Articles in this cluster
Topic overview
The pipeline cluster splits into three phases. (1) New construction — girth weld inspection by manual UT, RT, or encoded AUT/PAUT-TOFD combo under API 1104 §11 or Annex A; coating inspection (jeeping); hydrotest under 49 CFR §192.505 or §195.300; pre-commissioning cleaning and gauging. (2) Operating-phase inspection — ILI with magnetic flux leakage (MFL) tools for metal loss, ultrasonic crack-detection tools (UT-CD) for stress corrosion cracking and seam cracks, inertial mapping units for geometry and strain, and electromagnetic acoustic transducer (EMAT) tools for top-of-line and stress corrosion cracking. (3) Direct assessment — external corrosion direct assessment (ECDA) for unpiggable lines per NACE SP0502, internal corrosion direct assessment (ICDA), stress corrosion cracking direct assessment (SCCDA). The cluster also covers engineering critical assessment under API 579-1/ASME FFS-1 and BS 7910, the response criteria under 49 CFR §192.933 and §195.452, and the regulatory framework administered by PHMSA.

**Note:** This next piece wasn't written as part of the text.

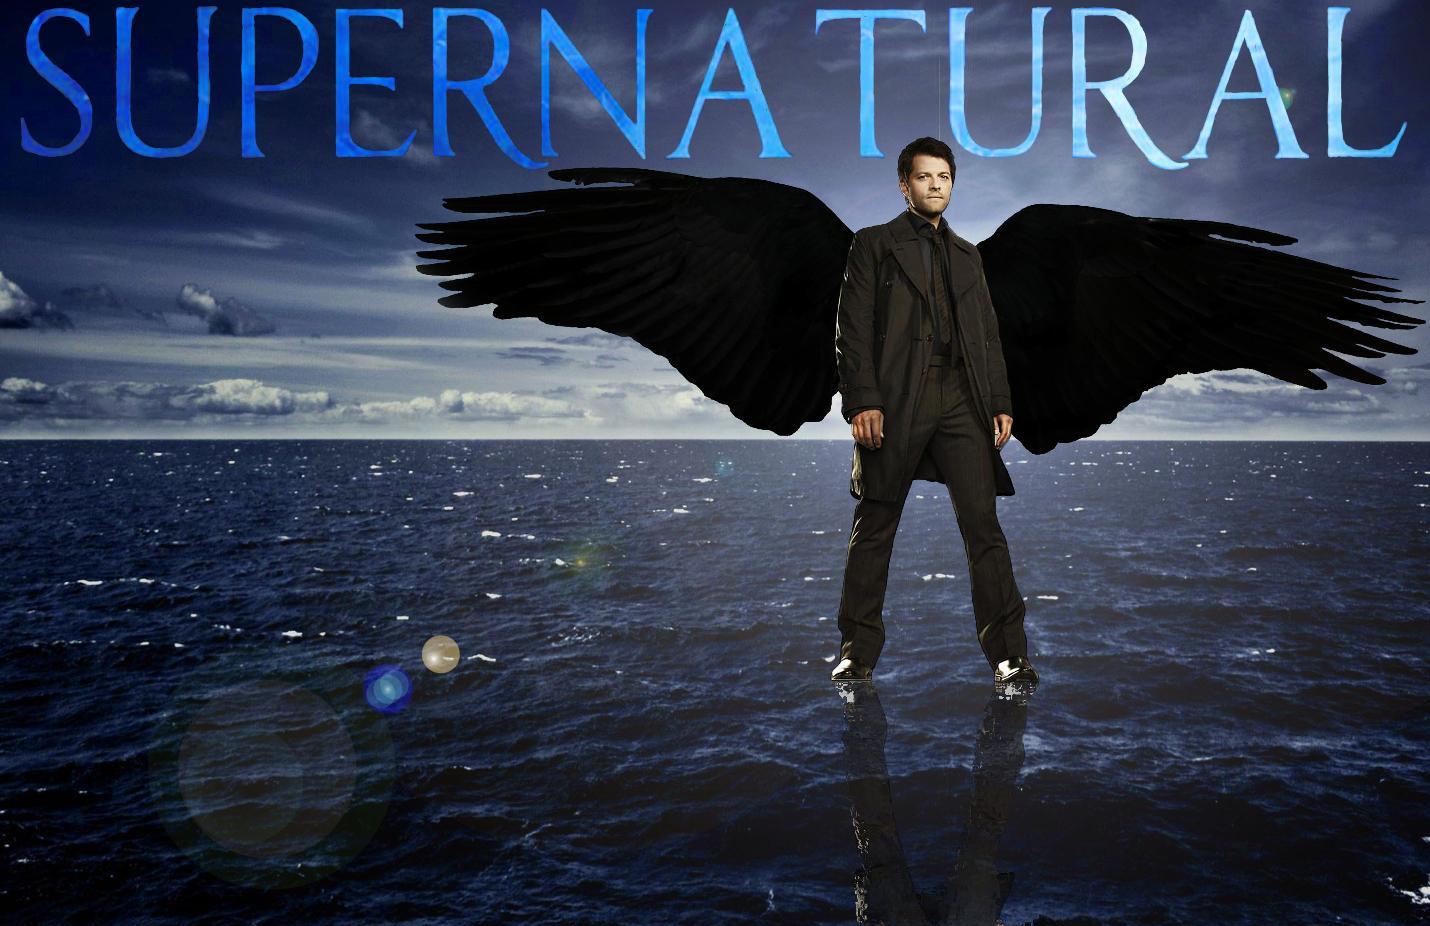 Supernatural Poster Gallery9 | Tv Series Posters and Cast1430 x 926

Supporting articles in this cluster
The full set of authored pages under this topic:
- Automated UT for Pipeline Girth Welds — The encoded PAUT/TOFD combination scanner workflow for new construction girth welds — the AUT acceptance under API 1104 Annex A with engineering critical assessment.

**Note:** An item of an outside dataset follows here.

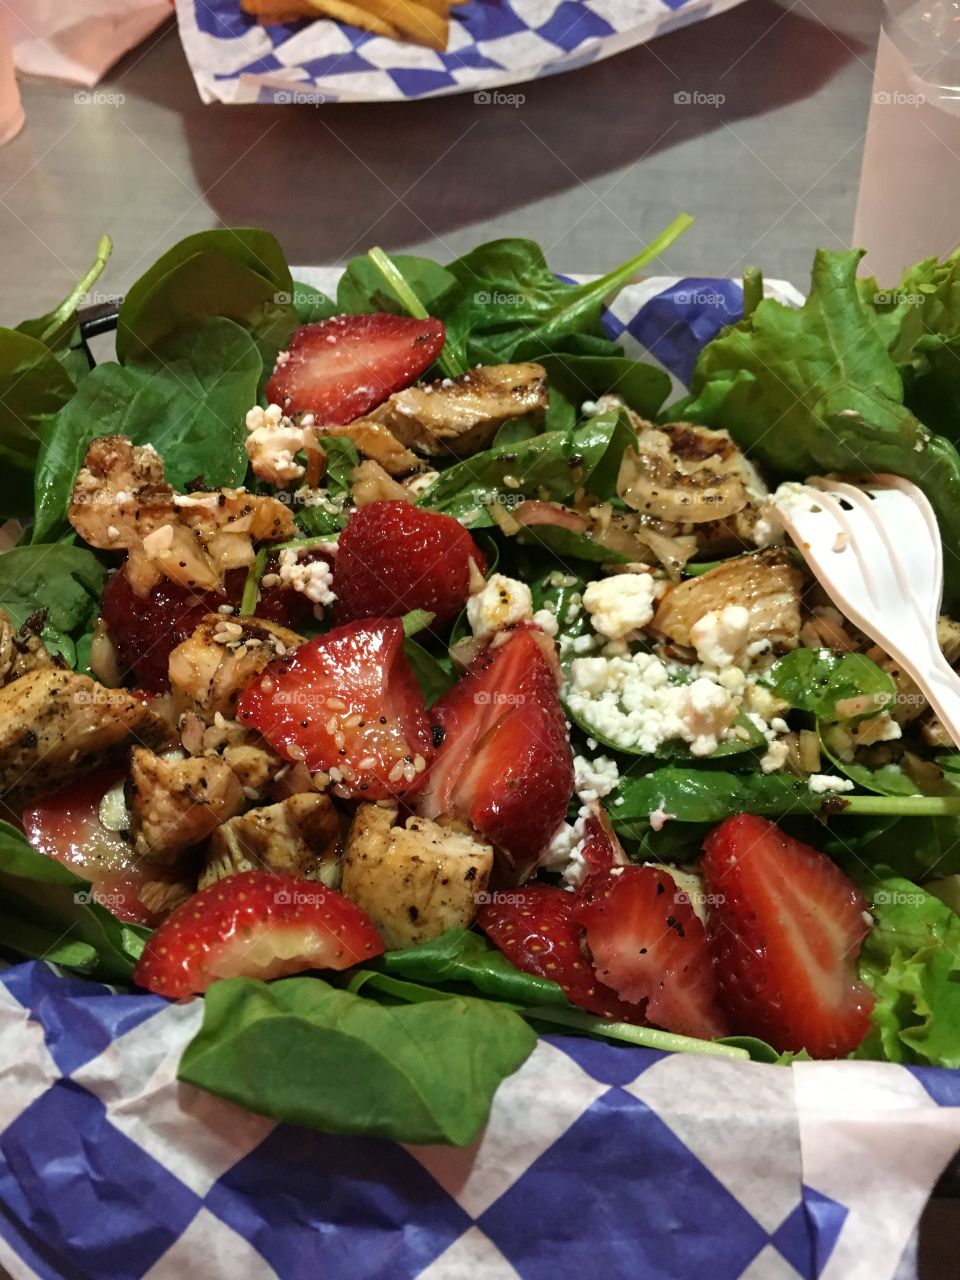 Spinach salad with chicken and strawberries

- In-Line Inspection (ILI) Overview — The smart pig fleet — MFL, ultrasonic crack detection, inertial mapping, EMAT, and high-resolution geometry. Tool selection by threat and the run cycle.
- Magnetic Flux Leakage (MFL) ILI — The dominant metal-loss ILI technology. Axial-field tools for general corrosion and transverse-field tools for axial slotting and seam-weld anomalies.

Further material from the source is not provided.